DATA:
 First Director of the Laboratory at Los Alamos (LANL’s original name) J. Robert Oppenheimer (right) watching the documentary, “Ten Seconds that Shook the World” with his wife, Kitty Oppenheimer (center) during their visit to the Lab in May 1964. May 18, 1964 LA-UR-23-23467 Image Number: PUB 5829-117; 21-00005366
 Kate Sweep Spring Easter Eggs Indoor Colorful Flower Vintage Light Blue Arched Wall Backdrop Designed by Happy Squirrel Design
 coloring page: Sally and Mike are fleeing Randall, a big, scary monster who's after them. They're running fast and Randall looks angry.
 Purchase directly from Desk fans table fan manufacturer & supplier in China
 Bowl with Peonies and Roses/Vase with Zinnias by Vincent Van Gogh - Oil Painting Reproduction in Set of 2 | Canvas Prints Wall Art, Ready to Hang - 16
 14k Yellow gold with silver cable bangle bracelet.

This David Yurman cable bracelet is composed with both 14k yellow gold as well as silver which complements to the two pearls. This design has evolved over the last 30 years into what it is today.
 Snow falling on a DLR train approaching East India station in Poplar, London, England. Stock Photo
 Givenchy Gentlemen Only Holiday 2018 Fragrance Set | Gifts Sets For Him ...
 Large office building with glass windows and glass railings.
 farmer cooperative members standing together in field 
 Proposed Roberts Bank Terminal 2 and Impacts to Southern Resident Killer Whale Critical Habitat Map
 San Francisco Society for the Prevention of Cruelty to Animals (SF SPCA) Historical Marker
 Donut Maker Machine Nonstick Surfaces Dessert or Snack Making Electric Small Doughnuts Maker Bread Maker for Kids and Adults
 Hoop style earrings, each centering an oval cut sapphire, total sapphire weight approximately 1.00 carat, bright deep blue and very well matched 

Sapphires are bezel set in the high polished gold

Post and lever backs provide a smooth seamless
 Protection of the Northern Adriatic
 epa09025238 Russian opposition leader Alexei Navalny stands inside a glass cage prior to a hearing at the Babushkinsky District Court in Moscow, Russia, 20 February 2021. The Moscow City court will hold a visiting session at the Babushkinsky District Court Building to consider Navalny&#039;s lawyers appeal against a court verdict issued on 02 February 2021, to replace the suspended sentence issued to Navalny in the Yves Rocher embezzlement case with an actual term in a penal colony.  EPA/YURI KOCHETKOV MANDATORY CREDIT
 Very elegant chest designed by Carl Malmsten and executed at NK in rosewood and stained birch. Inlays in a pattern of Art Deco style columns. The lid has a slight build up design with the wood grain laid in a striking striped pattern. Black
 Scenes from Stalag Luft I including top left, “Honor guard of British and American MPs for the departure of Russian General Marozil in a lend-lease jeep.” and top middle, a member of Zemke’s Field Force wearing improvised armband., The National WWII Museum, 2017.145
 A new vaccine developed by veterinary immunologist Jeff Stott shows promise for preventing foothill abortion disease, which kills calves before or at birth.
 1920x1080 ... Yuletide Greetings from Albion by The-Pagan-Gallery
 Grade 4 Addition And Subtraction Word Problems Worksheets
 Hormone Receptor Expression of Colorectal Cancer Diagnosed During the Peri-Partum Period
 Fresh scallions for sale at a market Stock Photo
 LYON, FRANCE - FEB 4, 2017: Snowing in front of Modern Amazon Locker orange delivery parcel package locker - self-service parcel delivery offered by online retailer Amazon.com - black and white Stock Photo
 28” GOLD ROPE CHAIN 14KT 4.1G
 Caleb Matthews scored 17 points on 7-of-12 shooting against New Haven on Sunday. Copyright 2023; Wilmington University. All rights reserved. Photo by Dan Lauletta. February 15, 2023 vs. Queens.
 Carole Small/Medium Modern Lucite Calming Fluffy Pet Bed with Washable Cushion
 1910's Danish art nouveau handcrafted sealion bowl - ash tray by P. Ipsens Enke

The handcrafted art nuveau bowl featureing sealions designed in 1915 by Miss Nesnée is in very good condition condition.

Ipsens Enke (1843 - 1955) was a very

PROBLEM:
All of the records should be transcribed exactly, with nothing left out.

TASK RESULT:
 First Director of the Laboratory at Los Alamos (LANL’s original name) J. Robert Oppenheimer (right) watching the documentary, “Ten Seconds that Shook the World” with his wife, Kitty Oppenheimer (center) during their visit to the Lab in May 1964. May 18, 1964 LA-UR-23-23467 Image Number: PUB 5829-117; 21-00005366
 Kate Sweep Spring Easter Eggs Indoor Colorful Flower Vintage Light Blue Arched Wall Backdrop Designed by Happy Squirrel Design
 coloring page: Sally and Mike are fleeing Randall, a big, scary monster who's after them. They're running fast and Randall looks angry.
 Purchase directly from Desk fans table fan manufacturer & supplier in China
 Bowl with Peonies and Roses/Vase with Zinnias by Vincent Van Gogh - Oil Painting Reproduction in Set of 2 | Canvas Prints Wall Art, Ready to Hang - 16
 14k Yellow gold with silver cable bangle bracelet.

This David Yurman cable bracelet is composed with both 14k yellow gold as well as silver which complements to the two pearls. This design has evolved over the last 30 years into what it is today.
 Snow falling on a DLR train approaching East India station in Poplar, London, England. Stock Photo
 Givenchy Gentlemen Only Holiday 2018 Fragrance Set | Gifts Sets For Him ...
 Large office building with glass windows and glass railings.
 farmer cooperative members standing together in field 
 Proposed Roberts Bank Terminal 2 and Impacts to Southern Resident Killer Whale Critical Habitat Map
 San Francisco Society for the Prevention of Cruelty to Animals (SF SPCA) Historical Marker
 Donut Maker Machine Nonstick Surfaces Dessert or Snack Making Electric Small Doughnuts Maker Bread Maker for Kids and Adults
 Hoop style earrings, each centering an oval cut sapphire, total sapphire weight approximately 1.00 carat, bright deep blue and very well matched 

Sapphires are bezel set in the high polished gold

Post and lever backs provide a smooth seamless
 Protection of the Northern Adriatic
 epa09025238 Russian opposition leader Alexei Navalny stands inside a glass cage prior to a hearing at the Babushkinsky District Court in Moscow, Russia, 20 February 2021. The Moscow City court will hold a visiting session at the Babushkinsky District Court Building to consider Navalny&#039;s lawyers appeal against a court verdict issued on 02 February 2021, to replace the suspended sentence issued to Navalny in the Yves Rocher embezzlement case with an actual term in a penal colony.  EPA/YURI KOCHETKOV MANDATORY CREDIT
 Very elegant chest designed by Carl Malmsten and executed at NK in rosewood and stained birch. Inlays in a pattern of Art Deco style columns. The lid has a slight build up design with the wood grain laid in a striking striped pattern. Black
 Scenes from Stalag Luft I including top left, “Honor guard of British and American MPs for the departure of Russian General Marozil in a lend-lease jeep.” and top middle, a member of Zemke’s Field Force wearing improvised armband., The National WWII Museum, 2017.145
 A new vaccine developed by veterinary immunologist Jeff Stott shows promise for preventing foothill abortion disease, which kills calves before or at birth.
 1920x1080 ... Yuletide Greetings from Albion by The-Pagan-Gallery
 Grade 4 Addition And Subtraction Word Problems Worksheets
 Hormone Receptor Expression of Colorectal Cancer Diagnosed During the Peri-Partum Period
 Fresh scallions for sale at a market Stock Photo
 LYON, FRANCE - FEB 4, 2017: Snowing in front of Modern Amazon Locker orange delivery parcel package locker - self-service parcel delivery offered by online retailer Amazon.com - black and white Stock Photo
 28” GOLD ROPE CHAIN 14KT 4.1G
 Caleb Matthews scored 17 points on 7-of-12 shooting against New Haven on Sunday. Copyright 2023; Wilmington University. All rights reserved. Photo by Dan Lauletta. February 15, 2023 vs. Queens.
 Carole Small/Medium Modern Lucite Calming Fluffy Pet Bed with Washable Cushion
 1910's Danish art nouveau handcrafted sealion bowl - ash tray by P. Ipsens Enke

The handcrafted art nuveau bowl featureing sealions designed in 1915 by Miss Nesnée is in very good condition condition.

Ipsens Enke (1843 - 1955) was a very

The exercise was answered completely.